Is this not the divine love about which Paul sings? Charity, the englishing of the Latin caritas, is love. “Love,” he says, “seeks not its own.” Divine love seeks our good as found in God. Unlike our human loves, “charity never faileth” and always abideth. “Now abideth faith, hope and charity; but the greatest of these is charity.” It means more than almsgiving, and yet all works of charity are really the works of corporal mercy, acts of the body of Christ for the body of Christ and in the body of Christ. They are all acts of love which seek the good of one another in the abiding love of God, the motions of divine love at work in us.
Without that all our human loves and actions, from the greatest to the least, are nothing worth. Why? Because they are radically incomplete and utterly disconnected from the source of all goodness and truth. Charity unites our knowing, faith, and our willing, hope, and suggests that we already participate in the mystery of perfect love; “Love divine all loves excelling.” But only if we continue on the way of love, constantly seeking to learn the lessons of love in our lives. Like the brothers of Joseph, the lessons are not always easy to learn. They can only be learned through suffering and through the passionate desire for learning.

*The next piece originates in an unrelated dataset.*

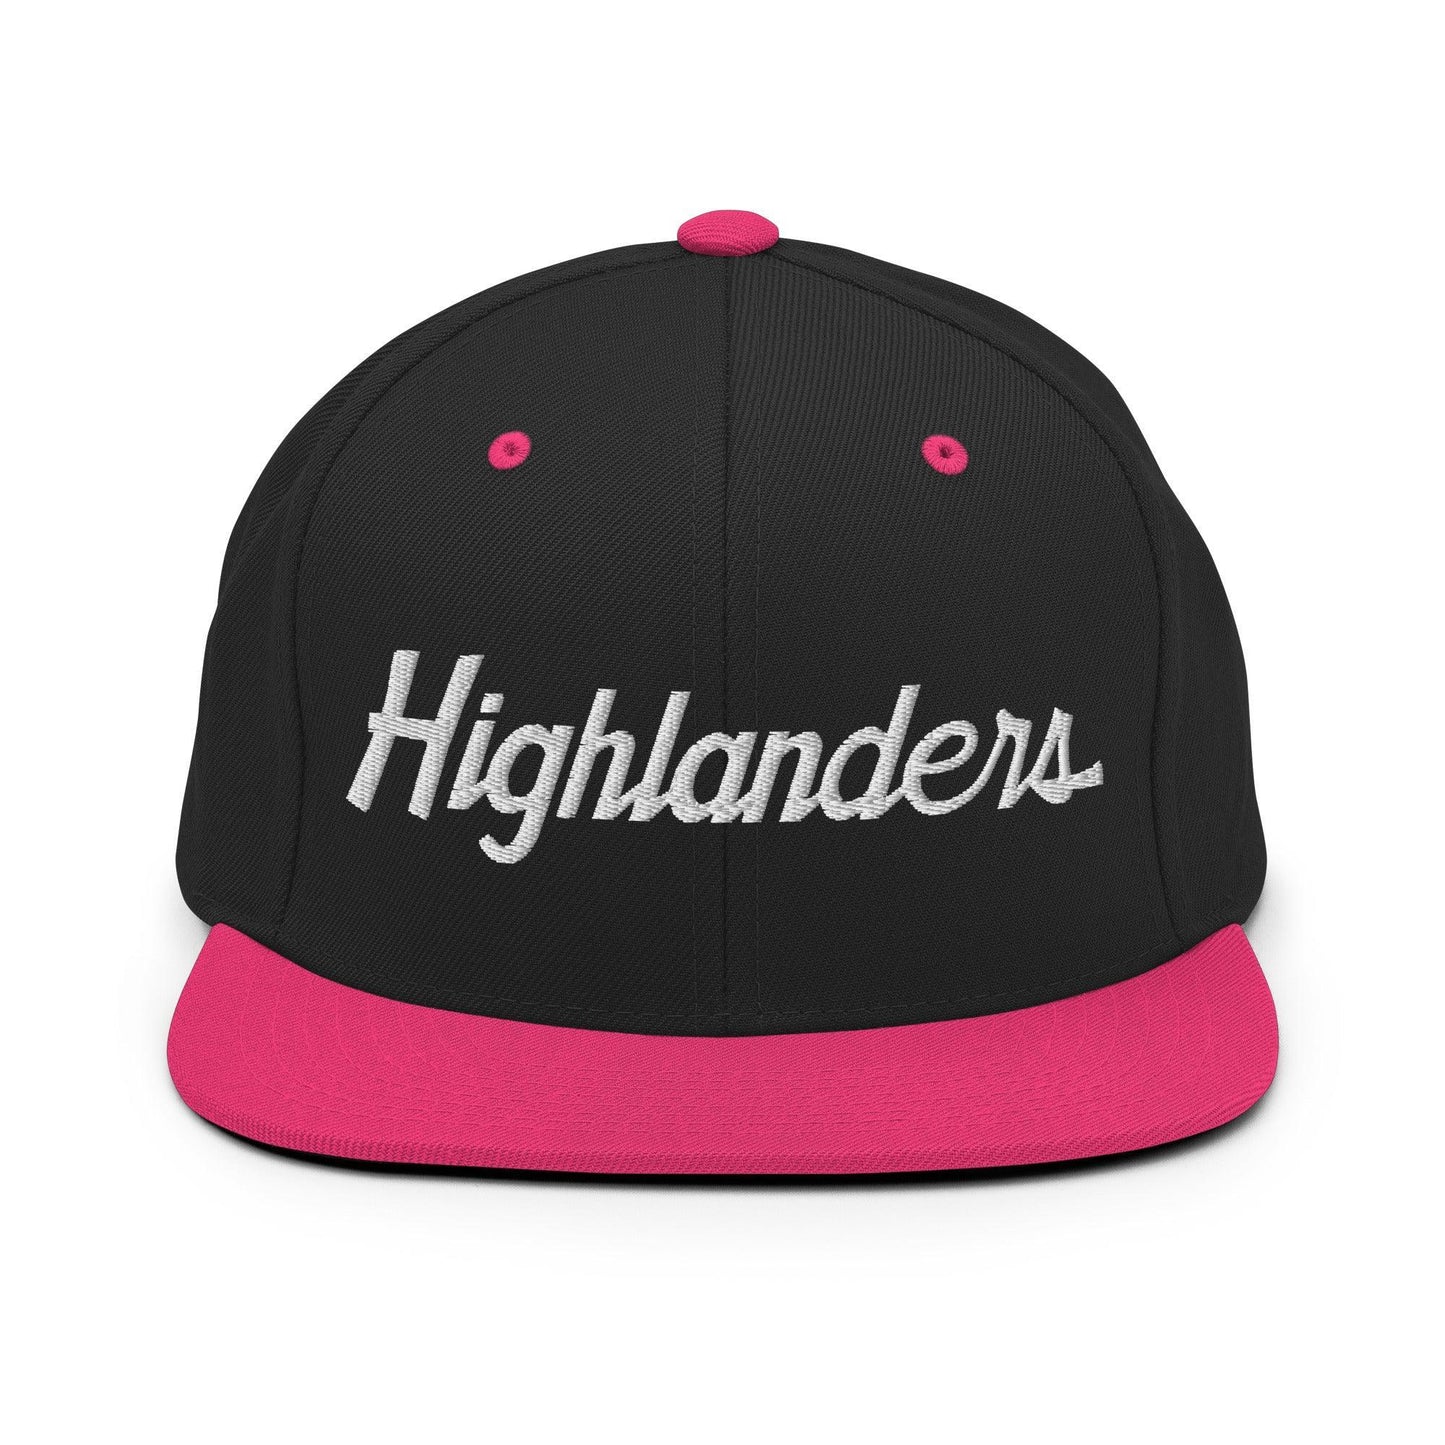 Highlanders School Mascot Script Snapback Hat Black Neon Pink

“Behold, we go up to Jerusalem,” Jesus tells us in today’s Gospel. He explains “the things that shall be accomplished” there, the things of his Passion. Such are the lessons of love in the face of the full force of human sin. Yet “they understood none of these things.” How will we learn? Only if we go with Jesus to Jerusalem. That means discovering our blindness, our unknowing but that is precisely the beginning of the possibilities of learning and belongs entirely to the journey of love. We have to be like the blind man sitting by the way-side crying out to see. Like him we have to want to see, to learn, to know. In Paul’s terms it means wanting to see with the whole of our being, to “know even as we are known.” That is charity, the strong desire to know and to serve for that is to share in the same quality of love that God makes known to us in Christ’s sacrifice.
It means to ponder or to sound out the meaning of sin and love. Herbert points to Christ in Gethsemane and to the Cross. “Sinne is that presse and vice, which forceth pain/ to hunt his cruell food through ev’ry vein.” And love? He speaks of what flows out of the agony of the Cross for us and in which participate sacramentally. “Love is that liquor sweet and most divine, / Which my God feels as bloud; but I, as wine.” This is the love without which we are nothing, yet the love with which we are everything.